I let everyone who would like to to drive my Model 3. I have standard loop I have them do that includes most of the features of the car, including voice commands and Autopilot. And of course flooring it. By now I have about a couple of dozen test ride data points that I have observed to conclude the following:

"The Opinion People Have Formed about Autopilot" and "What People Think about Autopilot after Using It" are two distinctly different things, and this varies very little whether they know a lot about Tesla or very little.

Before they use it, they are very wary, if not afraid. Some folks truly do not even want to try it. "Let's not," they might say. But with a good bit of explanation that "You can easily take back control by doing just about anything," and "Almost half of the miles of this car have been driven on Autopilot," they have always agreed so far to try. Those who have kept up a bit more with Tesla, or who are eager fans, want to try but have very low expectations. They assume that it doesn't work very well, but they're curious, and they'll humor me.

During the drive, I ask them to move to a center lane on the highway (why complicate matters) and to press down twice on the drive stalk. Then I say, "Okay, take your hands and feet away," and once again reassure them that they are the driver, they are still responsible, that they can take over at any time, and that the car will ask them periodically to let it know that they are paying attention. At this point they have big eyes darting around and jazz hands over the steering wheel.

After the car has gone around a couple of curves by itself, and perhaps someone has jumped in front of us, or slowed down ahead of us, they begin to visibly relax. If they haven't asked by now, I say, "It's at its best in stop-and-go traffic, because it takes away all of the worry of stopping and starting, and it does it automatically and really well. You just supervise."

The time it takes varies, but after taking a while to calm down (the start is always exciting), a realization starts to sink in. "This is actually pretty cool. It's very good!" So I gently explain that although they are still in command and need to pay attention, that it's surprisingly less stressful to _supervise driving_ than it is to worry about doing all of the grunt work. "You can focus on what's further ahead, check the mirrors, and look for anything weird going on around us, and look forward to when we need to exit next."

Fact: it's over ten times easier to be a back-seat driver than a driver.
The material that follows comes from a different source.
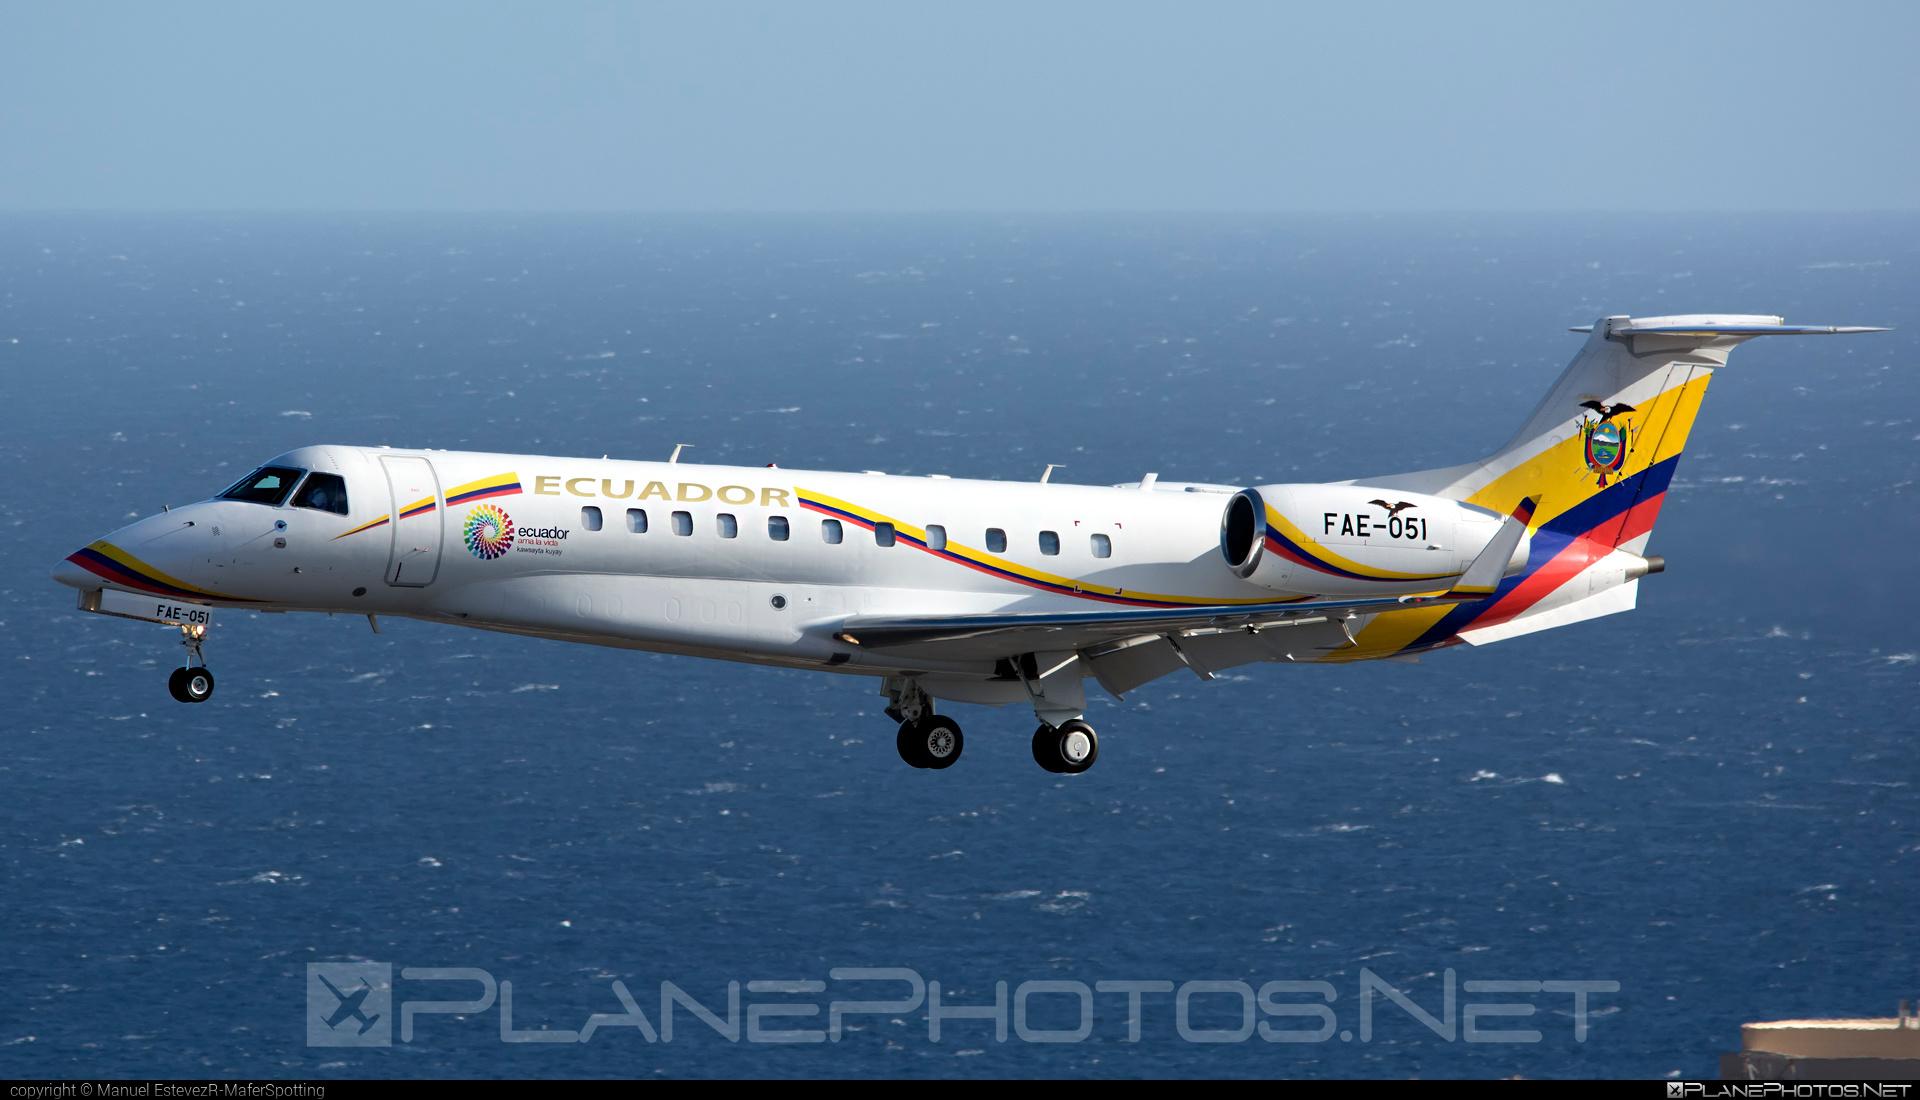 Embraer ERJ-135BJ Legacy 600 - FAE-051 operated by Fuerza Aérea Ecuadoriana (Ecuadorian Air Force) #embraer #embraer135 #embraerlegacy #erj135 #erj135bj #legacy600

Known fact.

At some point they make a point of saying, because it's such a marked departure from what they felt and thought before using it themselves, "Yeah, um... I could really use this. This is a really, really good feature. Seriously," as if I didn't already believe it, "This is really cool!"

In a nutshell, the only news that travels quickly and easily is sensational. Autopilot in reality is as boring as cruise control, and is not a defective robot trying to weed out the negligent among us. Just like we don't expect cruise control to do more than it's supposed to, Autopilot has its intended use, and its limitations. Within those, it does really well. Once test drivers have gotten their head around it, I tell them how my family likes to continually figure out-when we can safely do so-what it can do and not do. This is a thing that a person controls, not a thing that controls a person.

Think ahead to a time-use your own assumption-when Autopilot begins to observe stop signs and stop lights, and once again read speed/construction/school zone signs. Even then, it will continue to be a non-exciting, pretty mundane feature. Like cruise control on steroids. Of COURSE it will stop at stop signs. Of COURSE it will go to the destination you entered (we're into FSD territory now). Should we let it find a parking space for us, or take over? Decisions, decisions. But no grunt work. And not sensational.

But boy does it make other cars look dumb.

Summary: Yeah. If you can afford it, get it. It's not cheap. But it's great. And getting better all the time.


----------



## Gunn (Jul 29, 2016)

I hate to be an advocate for the opposite but I did not get EAP with mine.

Now before you jump down my throat as to why, it simply came down to a few factors.

Money and can be added later

I'm a hardware engineer but I do understand how much software plays a part in technology, I wanted to get the hardware of the car (LR, PUP) and the software can be installed/unlocked later on (like some that are waiting for the D/P versions).

To me it was a struggle just to get the car now even with a predicted full $10k EV rebate ($7500 gov, $2500 CA), I've had to make some bold promises to the other half and sell just about every scrap of savings to get the car. We even skipped the sport wheels which she is a fan of.

Now all this isn't to say I don't trust EAP, I do. I want to have it in my car, I want to use the TACC in stop/go traffic (being in LA), the self parking and all the other features but I simply could not afford to add in another $5k to the price. That would have meant no M3 as the other half is already freaking over the current price (see above about bold promises).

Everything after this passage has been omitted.